De NVPA werd opgericht op 24 maart 1917 ten huize van de psychiater A. van der Chijs, van Breestraat 117 te Amsterdam. Wellicht gestimuleerd door het relatieve isolement tijdens de Eerste Wereldoorlog kwamen de Nederlandse psychoanalytici er op dat moment toe een vereniging op te richten, lang nadat de eerste patiënten en professioneel geïnteresseerden zich bij Freud en andere Weense psychoanalytici hadden vervoegd om kennis te maken met deze nieuwe behandelwijze, en drie jaar na de oratie Ongeweten geestesleven van de Leidse hoogleraar psychiatrie Gerbrandus Jelgersma (1859-1942), waarin deze — voor het eerst op universitair niveau — wees op het wetenschappelijk belang van de psychoanalyse.
Het NPG werd in 1947 opgericht door de psychiaters-psychoanalytici A.J. Westerman Holstijn en J.A. van der Hoop, privaatdocent aan de Amsterdamse Universiteit, en in 2001 erkend als Component Society door de IPA.
De NPAG werd opgericht in 2005 en erkend als Component Society van de IPA in 2007.
De huidige, ongetwijfeld historische stap, die voor sommigen aanvoelt als een hereniging en voor anderen als een metamorfose, is in de gezamenlijke verklaring respectvol geboekstaafd als ‹fusie›. Kan het toeval zijn dat deze overeenstemming bevochten is in het zicht van het eeuwfeest van de psychoanalyse in Nederland?
Voor een enigszins objectieve beeldvorming van de structuren die bij het tot stand komen van deze betekenisvolle verbintenis een rol speelden is het te vroeg. Dat zou alleen mogelijk zijn na een gedegen historisch-sociologisch onderzoek van het kaliber zoals Christien Brinkgreve in 1984 het licht deed zien: Psychoanalyse in Nederland — Een vestigingsstrijd. Voor dit moment voldoen enkele aanduidingen van de krachten die ertoe geleid hebben dat ‹der grosse Wurf gelungen› is van een streven dat vele malen tevergeefs werd opgestart.
Toch hebben al die startpogingen ook tot blijvende kleinere en grotere samenwerkingsverbanden tussen leden van de verschillende verenigingen geleid. In de eerste plaats in innige samenwerking met de Belgische psychoanalytici in de redactie van uw eigen Tijdschrift voor Psychoanalyse. Verder was er de uitstekend georganiseerde ‹cursus voor belangstellenden› die verschillende jaren draaide in enkele Nederlandse universiteitssteden. Ook werd door leden van de NVPA en het NPG in 1979 de Nederlandse Vereniging voor Psychoanalytische Psychotherapie opgericht (NVPP).

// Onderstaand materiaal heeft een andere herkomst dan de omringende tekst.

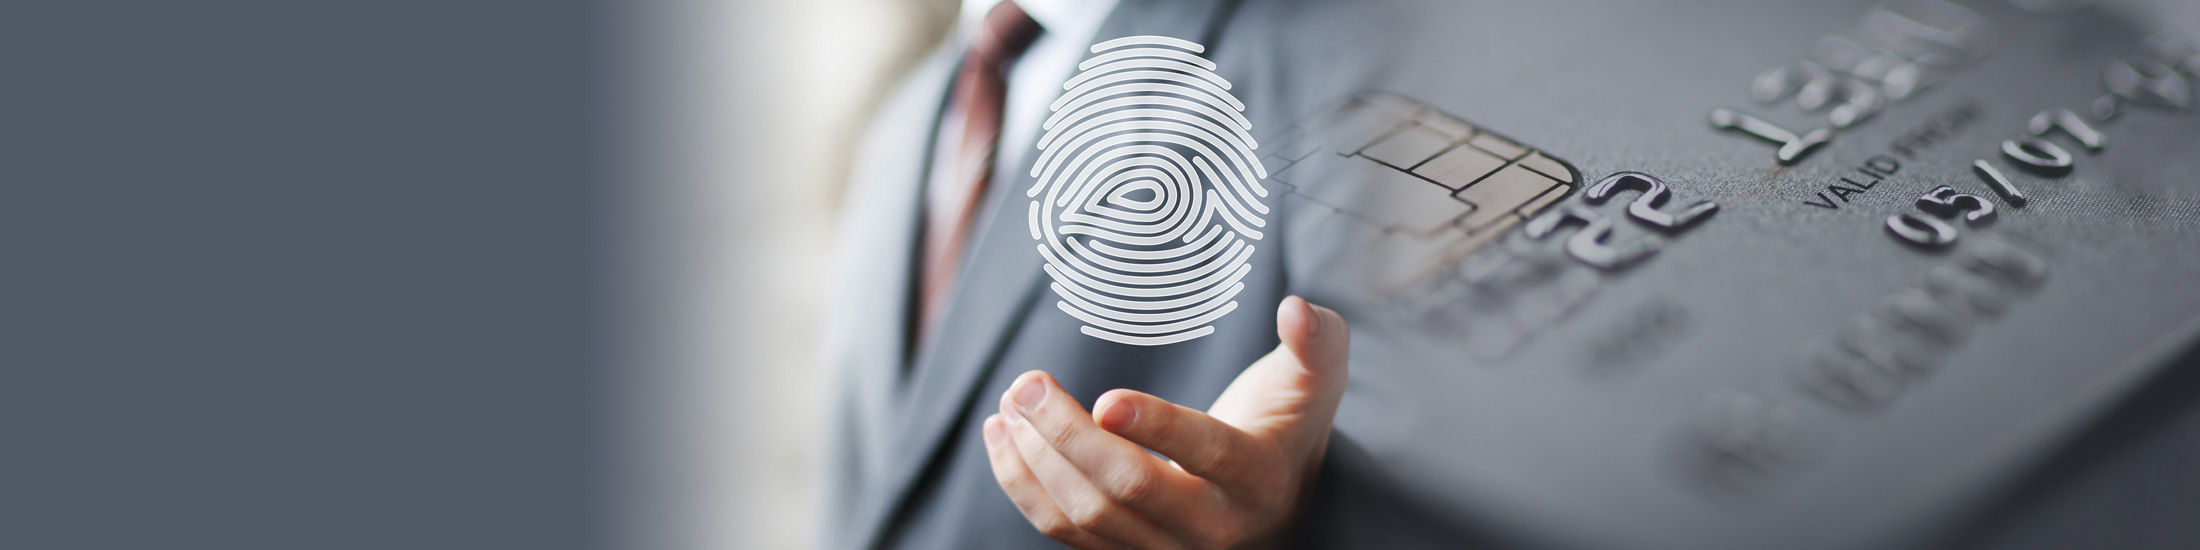 Mastercard Adds ID Verification, Acquires Ekata for $850 Million

Ook de Summerschool aan de Amsterdamse Universiteit blijkt steeds opnieuw een succesvolle en verbindende jaarlijkse onderneming, waarbij ook Belgische collega's betrokken zijn. Nog afgezien van de Kinderanalytische Werkgroep hebben de regionale werkgroepen van Den Haag en Groningen, de Gelderse Vereniging voor Psychoanalytici en de Psychoanalytische Kern van Zuid- en Midden-Nederland bijgedragen aan de integratie en landelijke verbreiding.
Vanaf de jaren negentig nam een groot aantal docenten van alle genoemde verenigingen deel aan de opleidingen in voormalig Oost-Europa. Hoe stimulerend en belangrijk deze initiatieven ook zijn, terzijde opgemerkt en achteraf gezien, is het denkbaar dat juist de jarenlange intensieve deelname van docenten en opleiders aan deze internationale activiteiten de structuur van de eigen organisatie heeft verzwakt. Anderzijds is het begrijpelijk dat het respect en de waardering waarmee de psychoanalyse en haar beoefenaren elders werden ontvangen, de frustraties opgelopen aan het eigen front konden verzachten. Maar voor deze hernieuwde poging tot fusie heeft zonder twijfe lhet dringend appèl van de gezamenlijke opleidingskandidaten aan hun besluit een krachtige rol gespeeld.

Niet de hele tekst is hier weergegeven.